---------- EXERCISE INPUTS ----------
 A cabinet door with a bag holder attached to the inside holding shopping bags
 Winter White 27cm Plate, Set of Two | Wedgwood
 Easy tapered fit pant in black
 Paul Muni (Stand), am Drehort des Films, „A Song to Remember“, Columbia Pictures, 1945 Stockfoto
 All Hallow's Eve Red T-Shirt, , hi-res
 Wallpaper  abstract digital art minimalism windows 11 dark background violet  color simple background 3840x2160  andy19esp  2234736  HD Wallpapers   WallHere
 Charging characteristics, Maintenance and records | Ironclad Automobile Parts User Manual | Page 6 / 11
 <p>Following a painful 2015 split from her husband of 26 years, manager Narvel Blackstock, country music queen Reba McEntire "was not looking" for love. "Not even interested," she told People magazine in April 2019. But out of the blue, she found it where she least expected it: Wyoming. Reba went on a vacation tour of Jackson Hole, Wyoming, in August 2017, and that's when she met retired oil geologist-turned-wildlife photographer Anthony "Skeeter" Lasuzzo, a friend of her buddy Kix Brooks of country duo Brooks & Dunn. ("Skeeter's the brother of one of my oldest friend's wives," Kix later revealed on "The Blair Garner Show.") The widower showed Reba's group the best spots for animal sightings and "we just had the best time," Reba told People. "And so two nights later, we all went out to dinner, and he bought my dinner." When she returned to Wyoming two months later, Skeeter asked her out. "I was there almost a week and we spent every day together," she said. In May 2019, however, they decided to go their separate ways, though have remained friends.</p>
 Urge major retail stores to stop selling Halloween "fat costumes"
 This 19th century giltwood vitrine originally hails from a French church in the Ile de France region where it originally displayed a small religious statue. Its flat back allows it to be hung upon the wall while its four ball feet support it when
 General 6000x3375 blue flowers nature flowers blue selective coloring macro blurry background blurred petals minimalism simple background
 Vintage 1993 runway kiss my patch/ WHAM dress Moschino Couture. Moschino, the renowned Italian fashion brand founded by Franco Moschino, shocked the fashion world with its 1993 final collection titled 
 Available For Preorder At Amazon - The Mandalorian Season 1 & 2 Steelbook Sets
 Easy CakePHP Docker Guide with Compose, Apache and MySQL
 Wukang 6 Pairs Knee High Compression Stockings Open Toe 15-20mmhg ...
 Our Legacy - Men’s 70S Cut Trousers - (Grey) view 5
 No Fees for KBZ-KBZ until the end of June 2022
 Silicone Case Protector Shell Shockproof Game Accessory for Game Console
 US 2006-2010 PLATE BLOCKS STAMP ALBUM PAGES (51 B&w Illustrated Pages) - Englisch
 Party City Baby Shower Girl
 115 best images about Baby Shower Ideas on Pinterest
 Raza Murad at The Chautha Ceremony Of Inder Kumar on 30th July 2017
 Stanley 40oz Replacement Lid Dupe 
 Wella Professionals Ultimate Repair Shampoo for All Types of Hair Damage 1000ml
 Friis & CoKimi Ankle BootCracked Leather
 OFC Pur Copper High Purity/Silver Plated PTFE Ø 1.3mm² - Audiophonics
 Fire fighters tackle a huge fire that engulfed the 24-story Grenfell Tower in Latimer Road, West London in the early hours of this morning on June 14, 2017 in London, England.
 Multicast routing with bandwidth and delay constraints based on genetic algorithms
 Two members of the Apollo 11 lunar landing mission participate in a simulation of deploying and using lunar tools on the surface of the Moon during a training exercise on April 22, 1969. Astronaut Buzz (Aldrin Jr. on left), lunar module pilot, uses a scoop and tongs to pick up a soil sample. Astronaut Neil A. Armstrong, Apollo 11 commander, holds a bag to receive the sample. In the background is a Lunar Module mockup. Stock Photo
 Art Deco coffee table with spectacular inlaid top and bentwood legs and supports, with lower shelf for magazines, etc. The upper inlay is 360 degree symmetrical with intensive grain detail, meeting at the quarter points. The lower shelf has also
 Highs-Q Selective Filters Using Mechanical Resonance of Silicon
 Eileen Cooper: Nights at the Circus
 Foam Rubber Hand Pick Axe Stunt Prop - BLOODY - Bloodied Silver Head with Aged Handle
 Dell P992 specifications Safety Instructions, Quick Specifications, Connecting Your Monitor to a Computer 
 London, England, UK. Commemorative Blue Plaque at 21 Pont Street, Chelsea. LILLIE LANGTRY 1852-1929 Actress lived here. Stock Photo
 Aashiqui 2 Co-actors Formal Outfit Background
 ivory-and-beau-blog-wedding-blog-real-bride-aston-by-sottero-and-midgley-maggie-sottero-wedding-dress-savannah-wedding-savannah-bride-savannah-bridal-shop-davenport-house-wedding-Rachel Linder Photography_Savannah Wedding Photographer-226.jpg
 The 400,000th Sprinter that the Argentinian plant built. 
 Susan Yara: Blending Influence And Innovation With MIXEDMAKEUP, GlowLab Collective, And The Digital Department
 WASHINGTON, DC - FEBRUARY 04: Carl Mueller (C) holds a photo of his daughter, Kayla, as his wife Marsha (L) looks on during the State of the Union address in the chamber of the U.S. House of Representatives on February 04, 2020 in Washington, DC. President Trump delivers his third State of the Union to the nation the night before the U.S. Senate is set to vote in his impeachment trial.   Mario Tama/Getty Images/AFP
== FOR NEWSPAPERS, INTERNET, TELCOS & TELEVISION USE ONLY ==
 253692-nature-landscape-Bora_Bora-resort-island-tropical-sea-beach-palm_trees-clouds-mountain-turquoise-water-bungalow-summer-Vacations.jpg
----------
**TASK OBJECTIVE**:
Once you reach the line that contains "Susan Yara: Blending", print it and every line after it exactly as written, stopping at the last line of the records and adding nothing.

**RESULT**:
 Susan Yara: Blending Influence And Innovation With MIXEDMAKEUP, GlowLab Collective, And The Digital Department
 WASHINGTON, DC - FEBRUARY 04: Carl Mueller (C) holds a photo of his daughter, Kayla, as his wife Marsha (L) looks on during the State of the Union address in the chamber of the U.S. House of Representatives on February 04, 2020 in Washington, DC. President Trump delivers his third State of the Union to the nation the night before the U.S. Senate is set to vote in his impeachment trial.   Mario Tama/Getty Images/AFP
== FOR NEWSPAPERS, INTERNET, TELCOS & TELEVISION USE ONLY ==
 253692-nature-landscape-Bora_Bora-resort-island-tropical-sea-beach-palm_trees-clouds-mountain-turquoise-water-bungalow-summer-Vacations.jpg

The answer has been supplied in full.